El viento político que sopla, desde los sepulcros de nuestra querida guerra civil, trae una fragancia. No como si viniera atravesando campos de rosas, precisamente. Hace años, cuando frecuentaba la Facultad de Filosofía y Letras, existían ya grupos de estudiantes autodenominados antifascistas. Habían constituido, a partir de retorcer un poco las normas de la Universidad, la práctica de la democracia directa, dotándose del instrumento asambleario y con el comité central en la cafetería. Cuánto pulir mesas, arañarse la conciencia, abrigar amores con citas de Engels, aquellas caras tempranas de Podemos. Eran mucho más activos fuera de las aulas que dentro de esas. Con una huelga de vez en cuando, edificaban su pequeño soviet, tensionando e incidiendo en la vida universitaria de alumnos y profesores. En sus asambleas, los líderes hacían parlamentos de una melancolía e irrealidad espeluznantes. Leían a Harnecker, a Gramsci y las cosas más obscenas de Chomsky. No tenían, todavía, a Laclau.
El caso es que esa minúscula escena transcurría a mediados de los años noventa del pasado siglo. Época en que Barcelona disfrutaba de un prolijo y dilatado ambiente de creatividad artística, literaria, ociosa, sensual. Había, por tanto, antifascistas sin fascismo.

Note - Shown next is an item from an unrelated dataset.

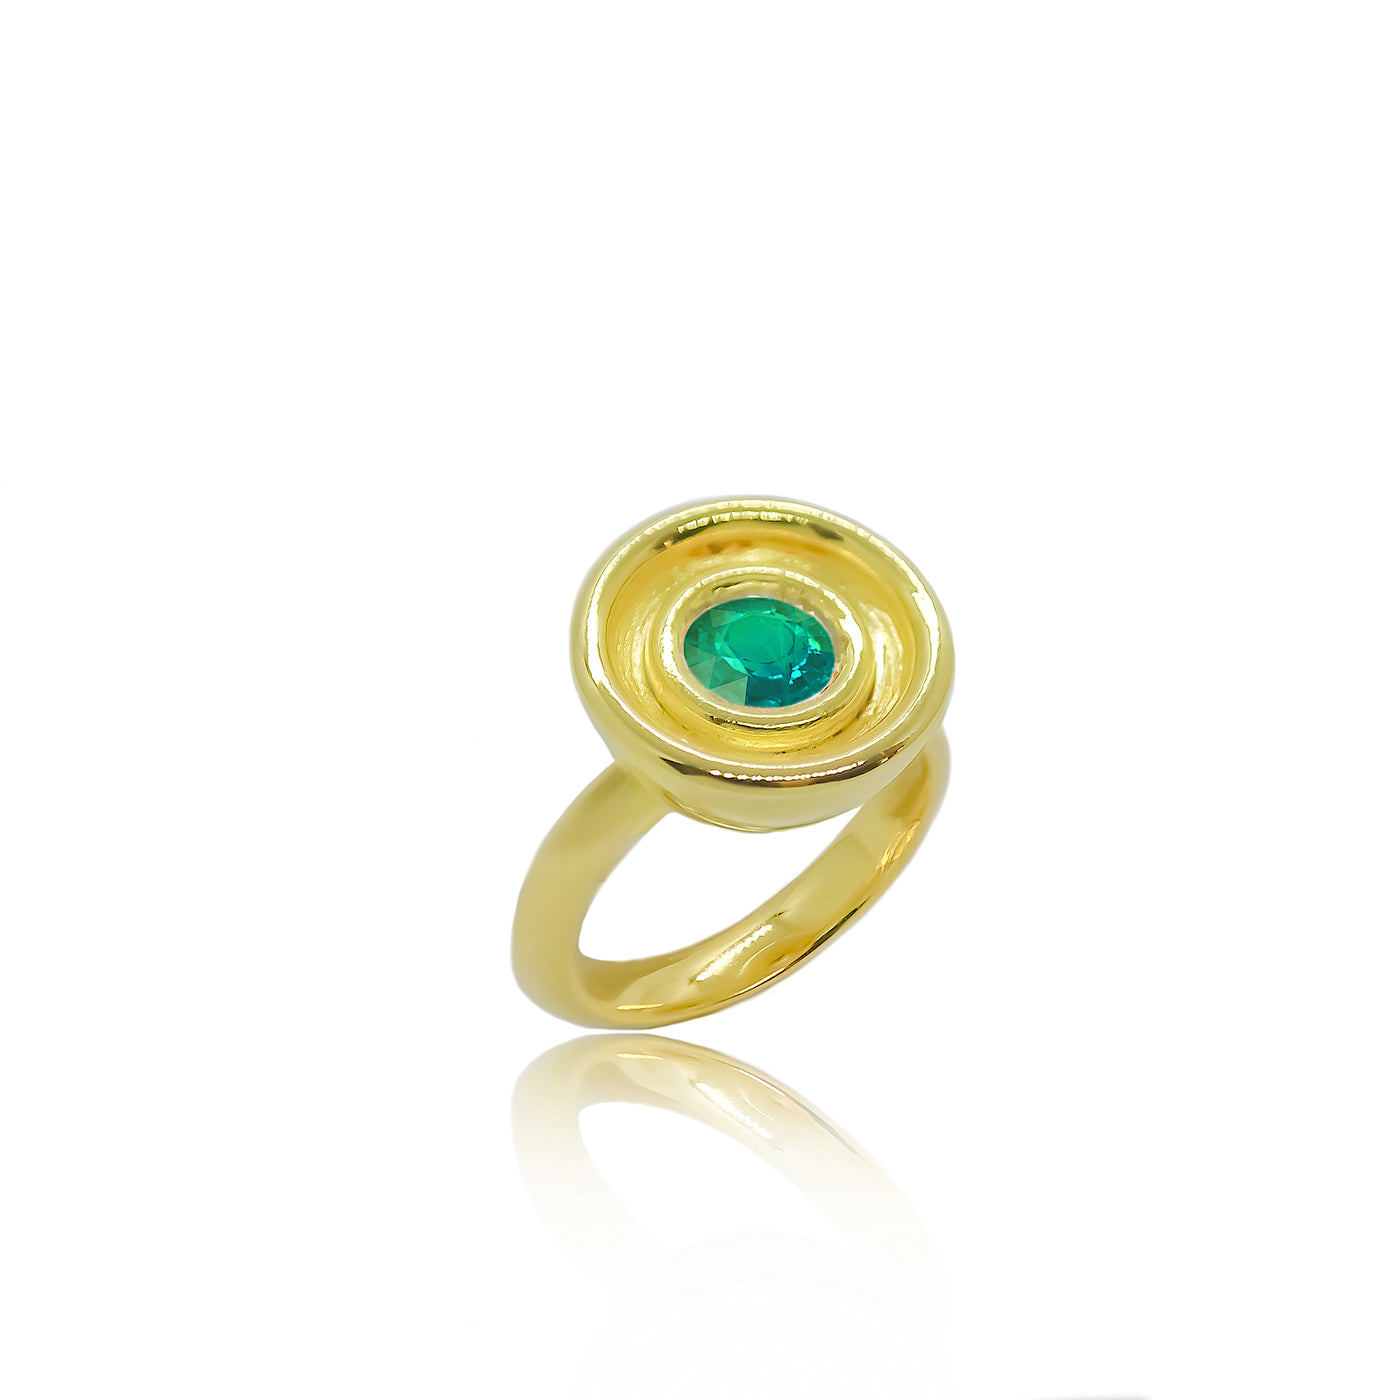 Gold solitaire cocktail ring with emerald from Atelier ORMAN

De aquellos tiempos hasta el hoy, en mi conocimiento no está el hecho de un cambio de régimen político, estrictamente; si bien sí, de manera notoria, de ambiente. El procés, los amoríos del burguesito Artur Mas con la CUP, aglutinaron y dieron carta de naturaleza a las viejas e insignificantes energías antisfascistas. Cataluña, inspiración hispana; una vez más.
De tanto invocar al enemigo, se acaba por conseguir su aparición, fantasmal, incesante. Presente en uno mismo. Paródica en las reacciones, ridículamente anacrónicas, mas sujetas a ese gusto insufrible e historicista del europeo. La fascinación del actual imaginario antifa se arma en el populismo dominante, apariencia de izquierda (léase a Ovejero). Invoca a un enemigo fantasmal con íntimo (e inconfesable) ardor. Alberto Savinio consideró el fascismo una “obra colosal de homosexualidad” en que “el dictador representa el elemento activo y el pueblo el elemento pasivo”. Y, aunque carecemos de un superfalo al que someternos, el asunto casa, creo, bastante bien con las subjetividades del momento. Es decir, con la llamada diaria, pesadísima, del antifascismo núbil.
El postrer derrotero del antifascismo, dominado ya el lenguaje y en conquista de una misteriosa sexualidad, sería la graciosa gestación de un régimen inspirado en aquel palacio del bardo Ismail Kadaré, en el que incluso los sueños se ven sometidos al control político. La inspiración sería orwelliana, si bien nuestro bardo contemporáneo superó el mito del totalitarismo gracias a sus vivencias en la Albania de Hoxha, la más severa de las democracias populares en Europa.